17.11.08

TOQUES DE TELEMÓVEL; LUDOVICO ENAUDI




Ouço o meu toque de telemóvel em versão extensa, sem que o tenha de atender. Tenho no CD o disco de Ludovico Enaudi de onde escolhi a música (Divenire) para o toque do meu telemóvel, por mais que saiba que é o disco, quando começa a tocar tenho de me refrear para não olhar para o telefone e interromper o que estou a fazer.


É como os jingles da publicidade que se fazem a partir das músicas, quando as ouvimos na versão original, completa, desligada do anúncio, ou ao vivo como aconteceu quando os Pink Martini tocaram na Aula Magna o "je ne veut pas travallier, je ne veut pas déjener (…). Aquela música não se consegue descolar do anúncio, da época da vida em que o telefone tocava assim.


Ouça esta música e recordo mais de mim do que se ela não tocasse, com mais precisão, com mais elementos.


No instante em que a música começa desfilam recordações do tempo em que este toque entrou na minha vida, o dia em que seleccionei das músicas gravadas no telefone este toque. Dou comigo a pensar que antigamente, quando só podíamos escolher o toque que já vinha com o telemóvel isto também acontecia. Passados uns meses ou anos desse, se o voltava a ouvir lembrava-me logo desse tempo, da casa onde morava, das pessoas que então existiam na minha vida, do que era então o meu estado de espírito, enfim, do sabor desses tempos, de um telefonema a meio da noite em que acordei para uma notícia que volto a sentir.
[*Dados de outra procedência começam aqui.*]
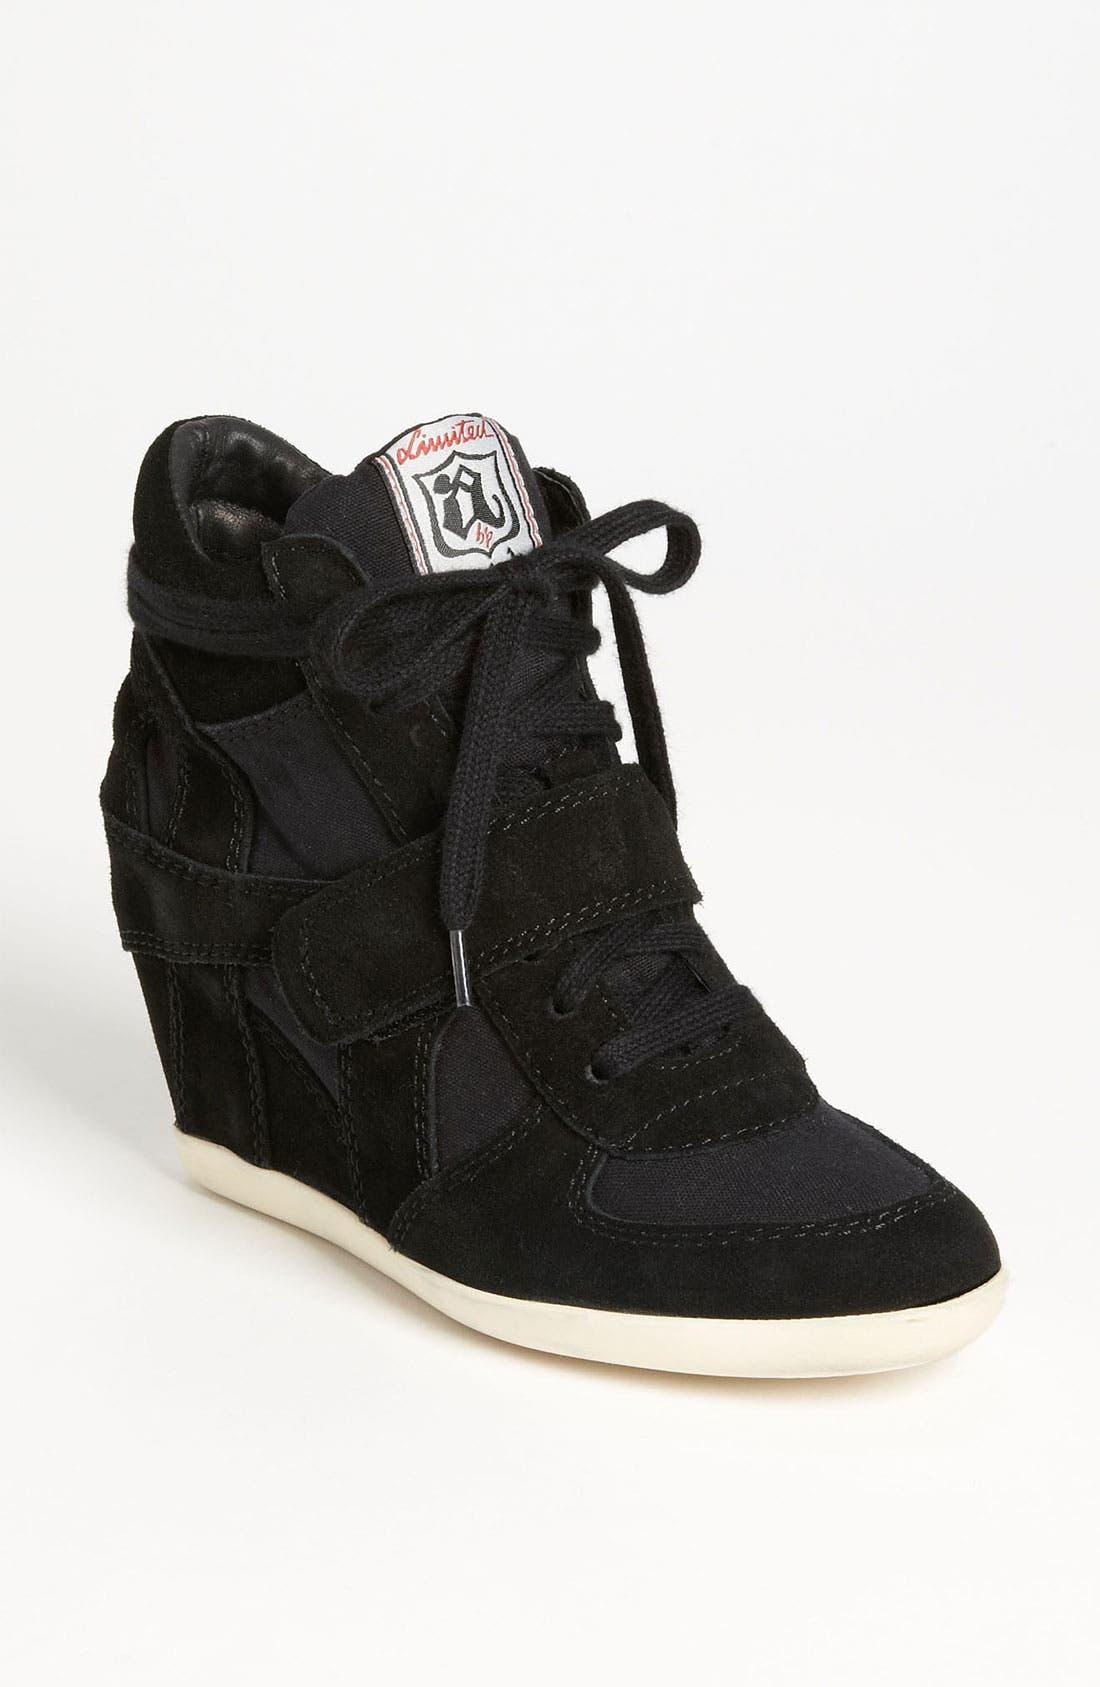 Main Image - Ash 'Bowie' Hidden Wedge Sneaker

Para mim com os toques dos telemóveis acontece o mesmo que com os perfumes, ou os cheiros: ambos conseguem catalisar memórias com uma presença que sem a sua intervenção nunca me chegariam. Porém a música é mais cinematográfica que os cheiros que não existem no cinema. Ouço a música que ainda toca e ocorre-me que cada toque de telemóvel poderia ser uma espécie de genérico de um filme sobre a época em que existiram. Há coisas que marcam épocas das nossas vidas, o tempo da primeira namorada , o tempo da segunda namorada, o tempo do primeiro carro, o tempo do segundo, por aí fora. Outras já marcavam e não sabíamos, os toque dos telemóveis que sucessivamente vamos tendo são uma delas.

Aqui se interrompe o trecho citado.